False logs refer to unexpected and incorrect data that are generated during system operations, and system malfunction is considered as the main cause of false logs, which usually misses events (i.e., some events are not recorded in logs) [6] or adds redundant events (i.e., some events are repeatedly recorded in logs) [7] to event logs. Infrequent behaviors are behaviors that are not expected to occur but actually happen with very low frequency in real execution, the existence of which also seriously impacts the extraction of process models [8]. The above-mentioned incorrect or infrequent data in real-life logs (collectively called noises in this paper) [9] not only increase the complexity of discovered process models, but also reduce their precision [10]. Thus, in many cases, approximations to the process model can be discovered by applying a fraction of the event data [11].
In general, business process activities are performed in accordance with a well-designed process model (i.e., Reference Model), and the execution of these activities are recorded in logs for process discovering. However, noises that are unexpectedly generated in logs during real executions greatly impede the discovering. As shown in Fig. 1, the reference model contains only sequential and exclusive structure, which means the recorded logs should contain only two types of traces (i.e., trace
Example of negative effects of noise.
To improve the results of process discovering, a range of methods have been proposed to filter noises in event logs. However, some of them cannot detect all types of noise, such as missing events, while others affect the quality of discovered models for small logs by removing entire traces rather than specific incorrect events from logs [6, 5, 9]. To address these problems, in this paper, we propose a novel method of filtering out noises in event logs, called Double Granularity Filtering (DGF), to ease process discovery based on the concept of dependency. Here, dependency refers to the relationship between events in recorded logs, indicating the probability of one event occurring after another. The higher the dependency value between two events, the stronger their relationship would be. In our opinion, closely related events are more likely to be normal, while loosely related events are more likely to be infrequent behaviors. More specifically, in our method, we couple local dependency and global dependency as mixed dependency to conduct fine-grained filtering of abnormal events based on statistical probability. Here, we use local dependency to denote the frequency of two sequentially occurring events among all paired ones beginning with the first event or ending with the second one, while global dependency is defined to denote the frequency of two sequentially occurring events in the whole log.
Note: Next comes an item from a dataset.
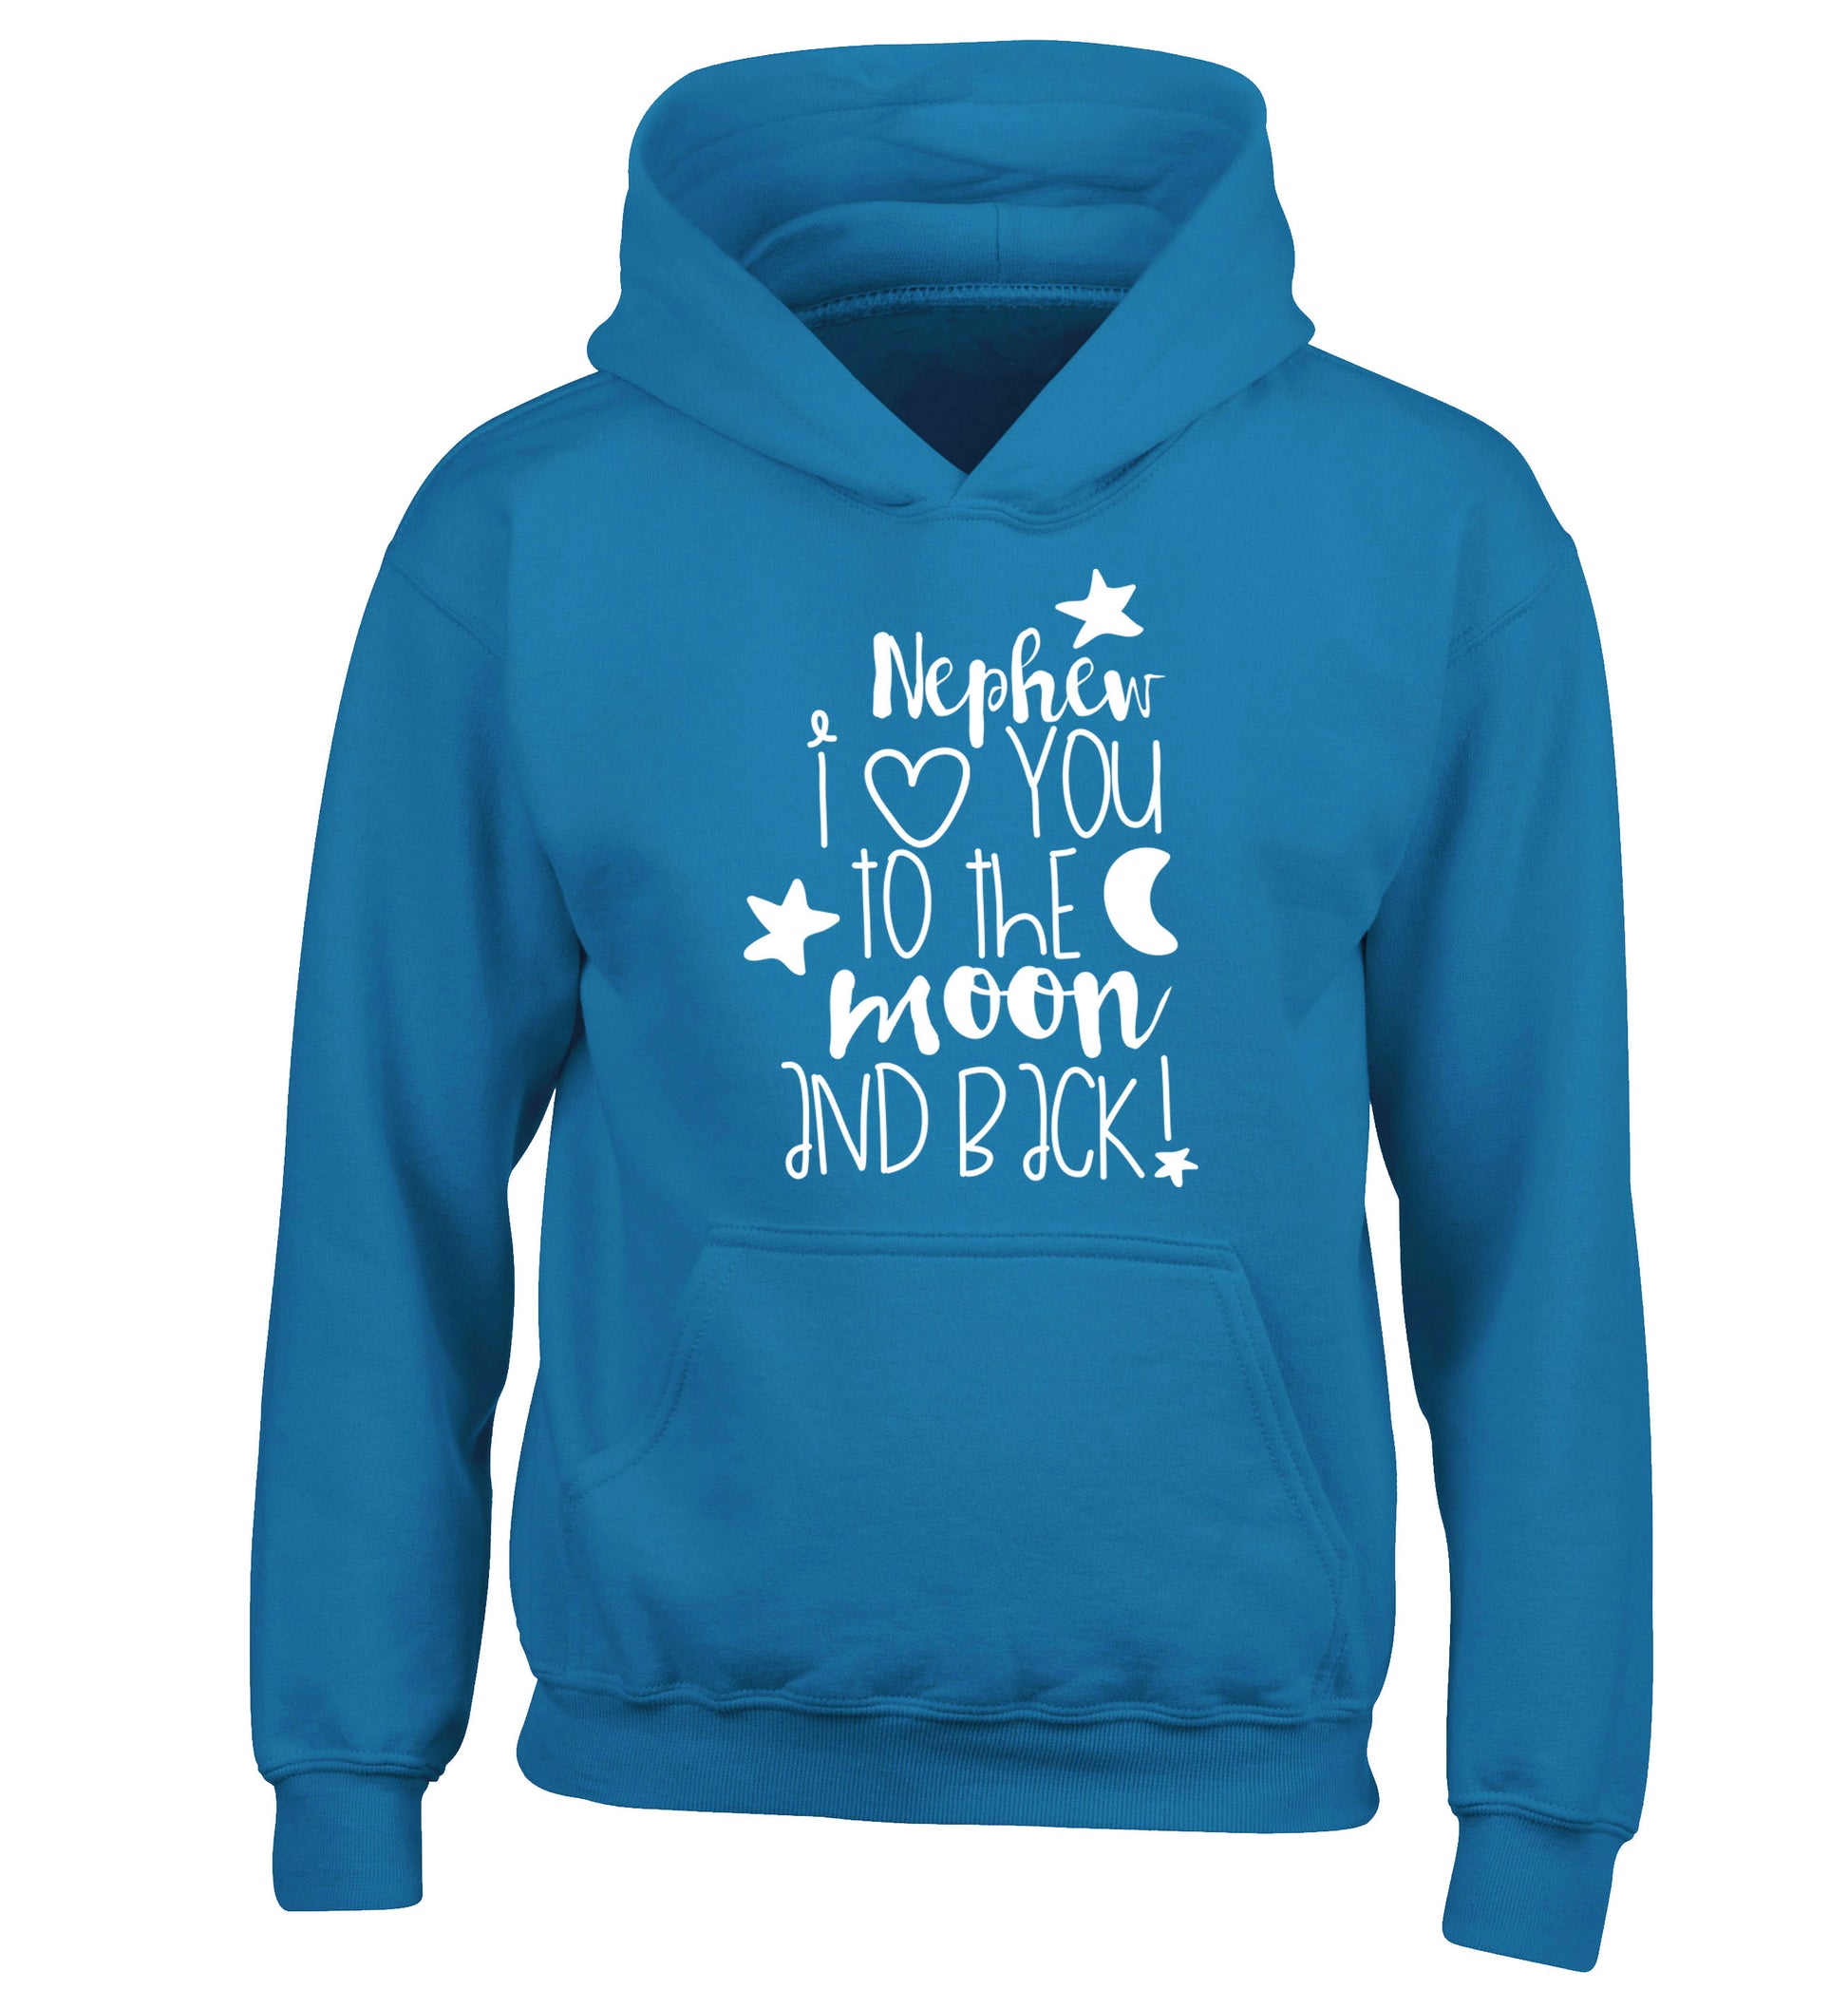 Nephew I love you to the moon and back children's blue hoodie 12-14 Years

In addition, considering that fine-grained filtering is not detectable for some specific scenarios such as event lost, we add a coarse-grained filtering to the method for removing traces through a double-tier penalty mechanism to achieve double granularity filtering. Comparison experiments on synthetic and real-life datasets with two other filtering methods verify the precision and superiority of our method.
The major contributions of our paper are as follows: 1) We propose a novel double granularity filtering method, which considers both the events and traces, to detect noises more precisely. 2) We introduce the definitions of Local and Global Dependency to reflect the relation of two events precisely. 3) We define a concept of parallel block to detect missing events that are supposed to exist in the parallel structure. 4) We conduct extensive experiments to verify the effectiveness of our method on synthetic logs and five real-life datasets by comparing it with other state-of-the-art filtering methods.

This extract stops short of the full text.